Abstract

We examined the moving coordinate systems, the polar axes, the density invariance of the polar axis transformation, and the curve plotter points and the support function of the two-parameter planar Lorentzian motion. Furthermore, we were concerned with the determination of the motion using the polar axes and analyzed the motion when the density of the polar axes is zero.

1. Introduction

As a branch of physics and a subdivision of classical mechanics, kinematics identifies the possible motion of points, objects (bodies), and systems of objects (bodies) geometrically without consideration of the effects (causes) of the motions. It deals with any motion of any object. For mathematics, kinematics is a bridge connecting geometry, physics, and mechanism, we can say that it means geometry of motion. Moreover, kinematics is important to astrophysics, mechanical engineering, physics, biomechanics and robotics.
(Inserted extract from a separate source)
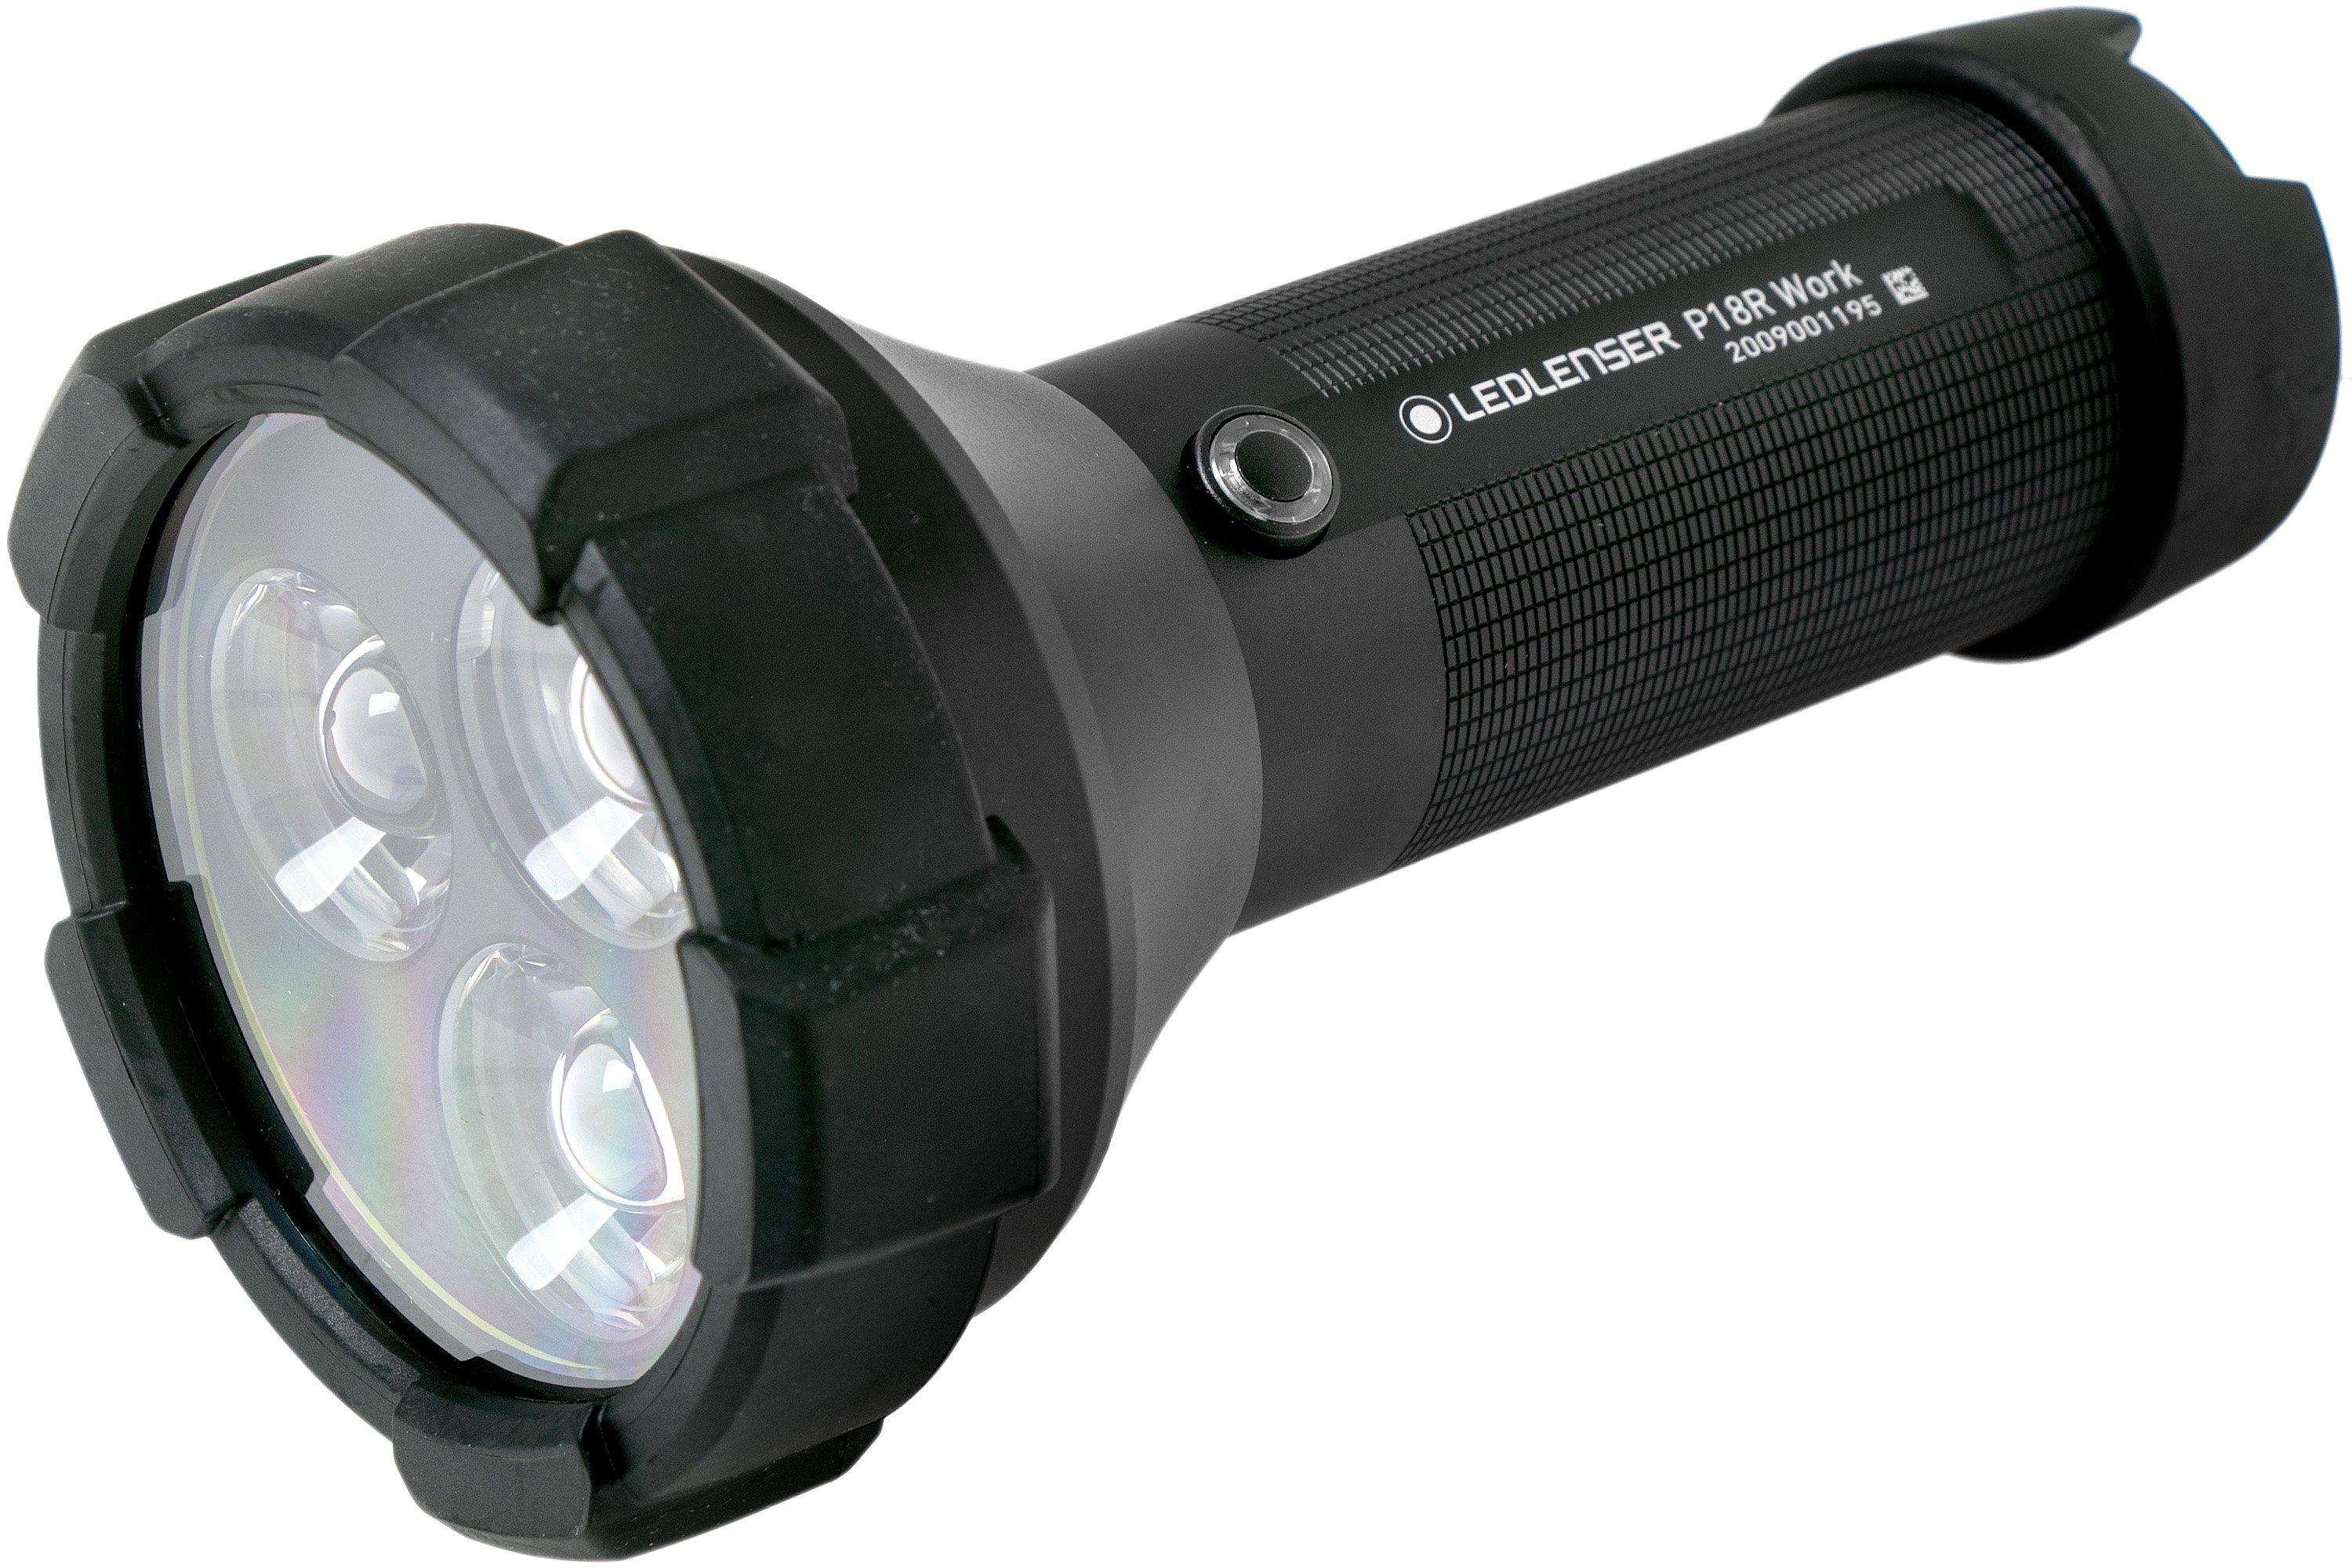 at tiltrække Slid dagbog Ledlenser P18R Work rechargeable flashlight, 4500 lumens | Advantageously  shopping at Knivesandtools.com

The geometry of such a one- or two-parameter motion of points, bodies, and systems of bodies has a number of applications in physics, geometric design, and design and trajectory of robotics.
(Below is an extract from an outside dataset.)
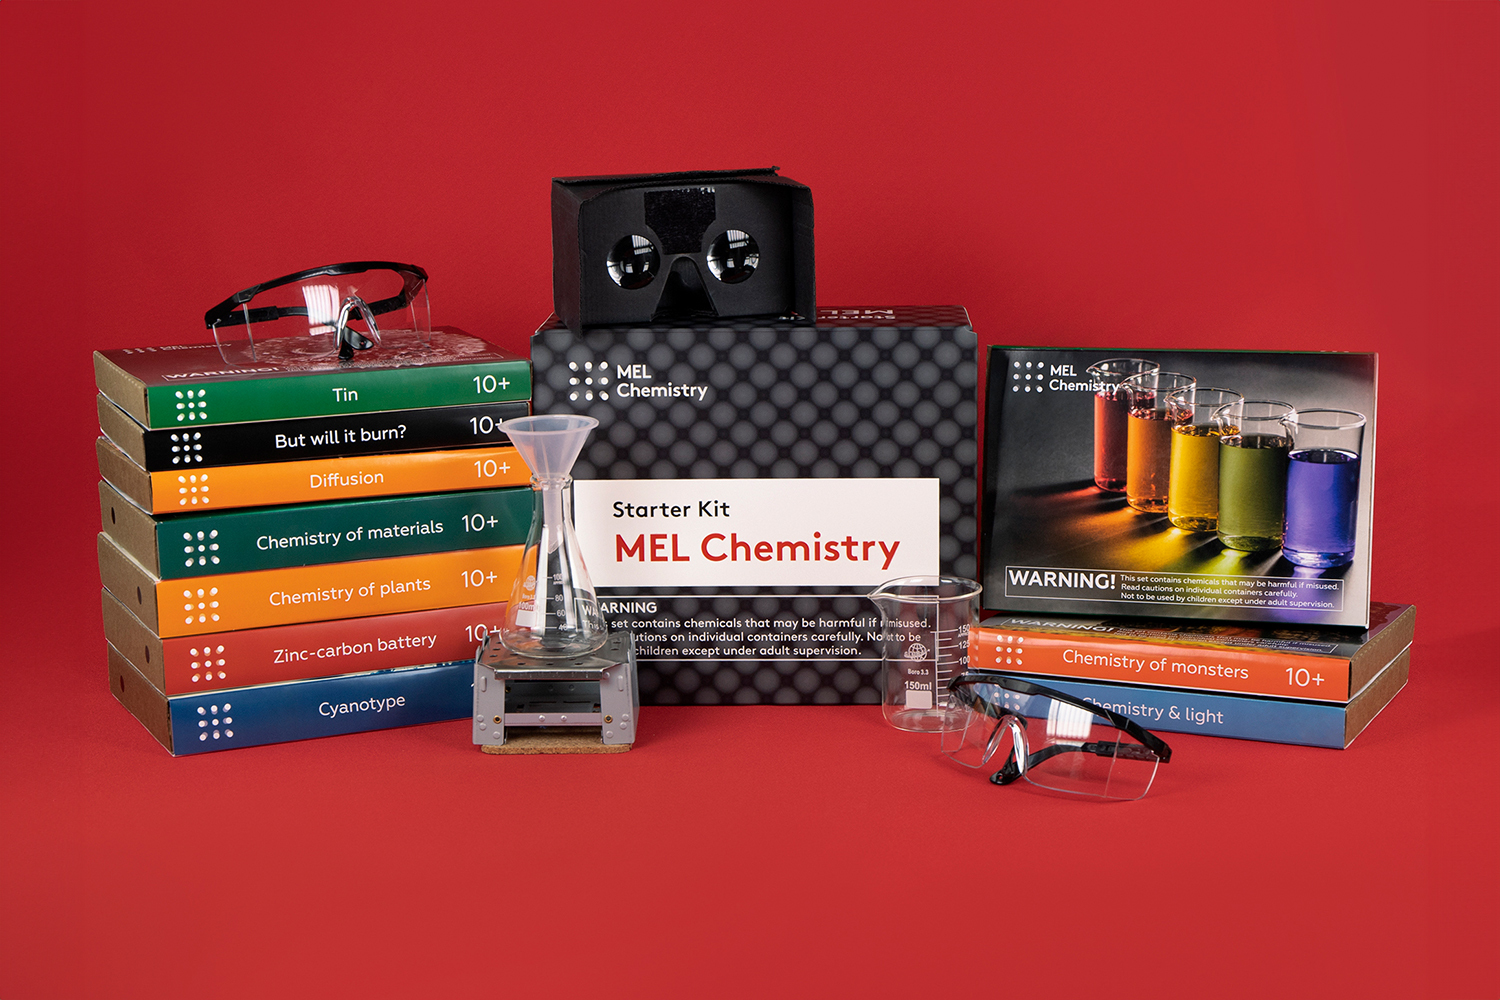 MEL Science kits

Mathematicians, physicists, and mechanists have investigated a rigid body motion in different ways. In general, if a rigid body moves, both its orientation and position vary with time. In the kinematic meaning, these changes are called rotation and translation, respectively. A rigid body, programmed to move in a plane with a one/two independent degree/degrees of freedom is defined as a one-/two-parameter planar motion.

In kinematics, W. Blaschke and H. R. Müller defined the one-parameter planar motions and obtained the relation between absolute, relative, and sliding velocities and accelerations in the Euclidean plane in 1956 [1]. One-parameter motions on Lorentzian plane and Galilean plane are described by A. A. Ergin and M. Akar and S. Yüce, respectively [2, 3]. They also gave the relations between the velocities and accelerations. Furthermore, A. A. Ergin investigated Lorentzian moving planes and pole points [4]. One-parameter planar motions are given in affine Cayley Klein planes (CK-planes) by generalizing of the motions in Euclidean, Galilean, and Lorentzian planes in [5]. In [6], the authors expressed the higher-order velocities, accelerations, and poles under the one-parameter planar hyperbolic motions and their inverse motions. The higher-order accelerations and poles are also presented by considering the rotation angle as a parameter of the motion and its inverse motion.
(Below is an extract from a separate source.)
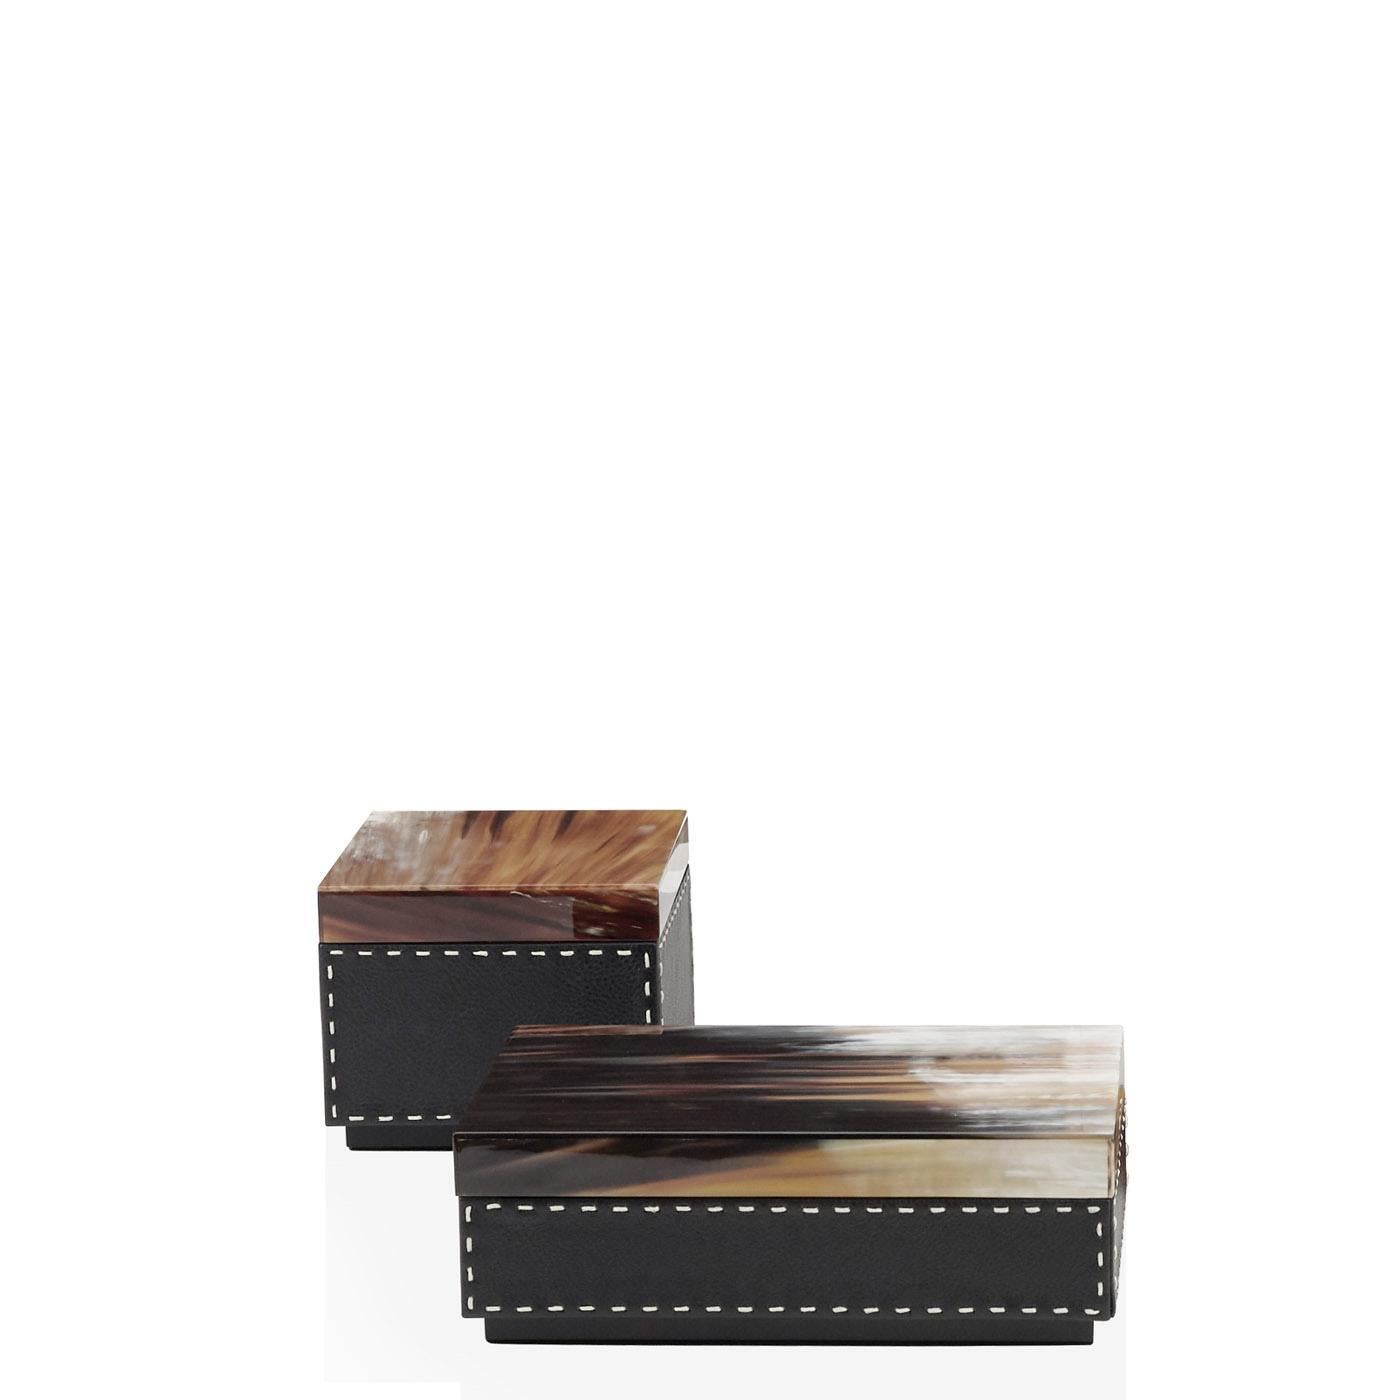 Ottavia Box in Pebbled Leather with Lid in Corno Italiano, Mod. 4469 In New Condition For Sale In Recanati, Macerata

Two-parameter planar motions are investigated with different but equivalent definitions [1, 7, 8]. The two-parameter planar Euclidean motions were introduced by W. Blaschke and H. R. Müller. The polar axes of two-parameter motion, the curve plotter points, the density invariance of the polar axes transformation, the support function of two-parameter motion, the normed coordinate system, and the main one-parameter motion obtained from the two-parameter motion have been studied in the Euclidean plane [1]. Local pictures for a general two-parameter planar motions are investigated by C. G. Gibson, W. Hawes, and C. A. Hobbs in [9] and singularities of a general planar motions with two degrees of freedom are studied by C. G. Gibson, D. Marsh, and Y. Xiang in [10].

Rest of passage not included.